Containers

Leveraging CNI custom networking alongside security groups for pods in Amazon EKS

Introduction

Amazon Elastic Kubernetes Service (Amazon EKS) is a managed service that runs Kubernetes on AWS without needing to install, operate, and maintain your own Kubernetes control plane or nodes. Amazon EKS supports native virtual private cloud (VPC) networking with the Amazon VPC Container Network Interface (CNI) plugin for Kubernetes. This plugin assigns a private IPv4 or IPv6 address from your VPC to each pod. The VPC CNI allows Kubernetes pods to utilize raw AWS network performance and integrations with other AWS services. In this post, we discuss two features of the VPC CNI plugin: CNI custom networking and security groups for pods. We give a walkthrough of their combined use to provide a scalable, secure architecture for Kubernetes workloads.

CNI custom networking

AWS recommends deploying Amazon EKS clusters into VPCs with large Classless Inter-Domain Routing (CIDR) ranges. This recommendation is based on how VPC CNI allocates IP addresses (one IP per pod) and the limited cluster capacity as the number of workloads in the cluster grows. In scenarios where it may not be possible to use a large CIDR range (such as in environments that share an IP address space with on-premises infrastructure), you can attach a CIDR range from the 100.64.0.0/10 or 198.19.0.0/16 ranges to your VPC. These additional ranges, in conjunction with CNI custom networking, provide additional IP space for Kubernetes pods.

Security groups for pods

An important concept in container networking is micro-segmentation. This involves the control of which Kubernetes pods can talk to which other pods within the cluster and the control of which pods can talk to dependent services outside of the cluster. When enabled, security group for pods integrate Amazon Elastic Compute Cloud (Amazon EC2) security groups with Kubernetes pods, providing AWS native networking segmentation for Kubernetes workloads. Also, the VPC CNI creates a separate elastic network interface (ENI) for each pod, instead of the default configuration where multiple pods share an ENI. Different security groups can be attached to each Kubernetes pod because each pod has its own ENI. A common example is limiting access to Amazon Relational Database Service (Amazon RDS) databases to pods with a certain a security group. For more information on security groups for pods, see the launch blog post.

VPC CNI traffic flows

To help understand the traffic flow when running CNI custom networking alongside security group for pods, it’s important to understand the basics of VPC CNI.

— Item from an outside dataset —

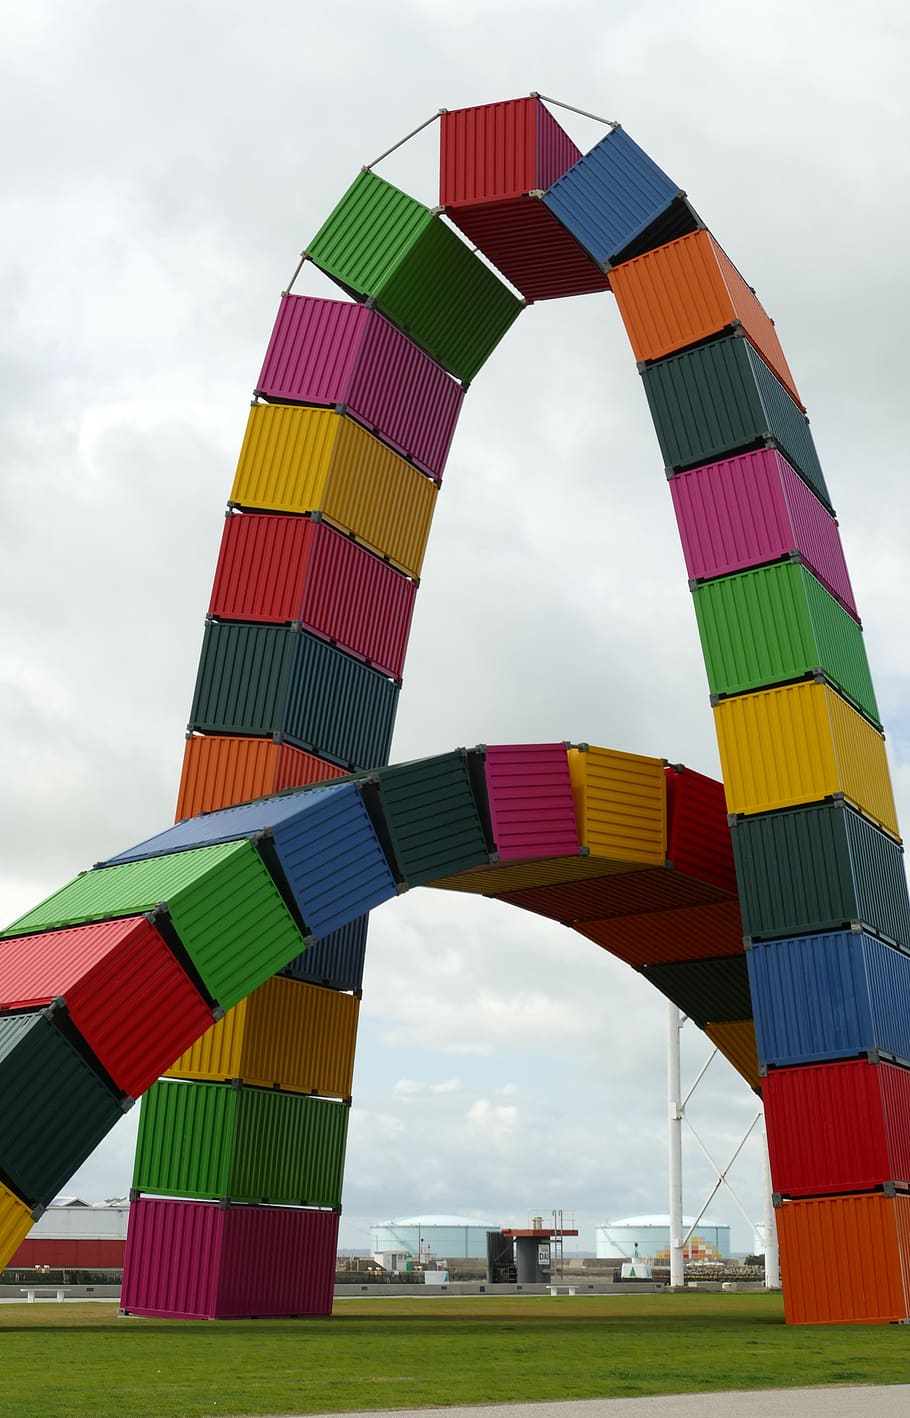 arc, work of art, container, color, le havre, france, metal, sky, cloud - sky, multi colored

Default behavior without enabling CNI custom networking

In the default VPC CNI configuration, the Amazon EC2 instance is provisioned with one ENI attached to an underlying subnet with the Worker Node Security Group attached. A primary IP is attached to the ENI that is used to access the host. As pods are deployed on the Amazon EC2 instance, the VPC CNI attaches secondary IPs from the VPC to the same ENI until the limit on that ENI is reached. The VPC CNI provisions a second ENI on the same subnet and fills it with the secondary IPs. This process continues until the ENI and secondary IP limits of an instance are reached.

Diagram of default behavior

The diagram shows the following:

  • Pods share ENIs that are attached to the worker nodes.
  • The same security group(s) are attached to all worker node ENIs and apply to all the pods.

Enabling custom networking without security groups for pods

When we enable CNI custom networking, the pods won’t be provisioned on the first ENI. Instead, a second ENI with an IP address from the custom CNI CIDR range attaches to the node and the pods attach to this ENI with addresses from the non-routable CIDR range. The number of ENIs and secondary IPs consumed from this non-routable CIDR range are restricted by the limits of each instance.

Diagram of CNI custom networking

The diagram shows the following:

  • The worker node uses one ENI and one IP address from the primary subnet.
  • The additional ENIs attached to the worker nodes are provisioned in a different subnet (100.64 CIDR block).
  • Pods no longer consume IP address from the worker nodes subnet. Pods consume IPs from the non-routable block instead.
  • The additional ENIs have their own security group(s) defined within the ENIConfig custom resource for each non-routable subnet.
  • Custom networking supports Kubernetes Network Policy engines (such as Calico Network Policy) for network segmentation.

Enabling custom networking with security groups for pods

When using a security group for a pod alongside custom networking, logic within the SecurityGroupPolicy custom resource decides whether to attach a pod to the shared ENI in the non-routable subnet or whether to give the pod a dedicated branch ENI also in the non-routable subnet.

Diagram of CNI customer networking with security groups for pods

The diagram shows the following:

  • The worker node uses one ENI and one IP address from the primary subnet.
  • The worker node uses another ENI as a trunk ENI within the non-routable subnet. With the trunk ENI in place, pods can create branch ENIs and the number of branch ENIs that can be created are based on Amazon EC2 instance types and mapping limits.
  • Pods that do not match any SecurityGroupPolicy Selectors are launched onto the shared ENI (Pod 1).
  • Pods that do match SecurityGroupPolicy Selectors are given a branch ENI with their own set of security groups (Pod 2 and Pod 3).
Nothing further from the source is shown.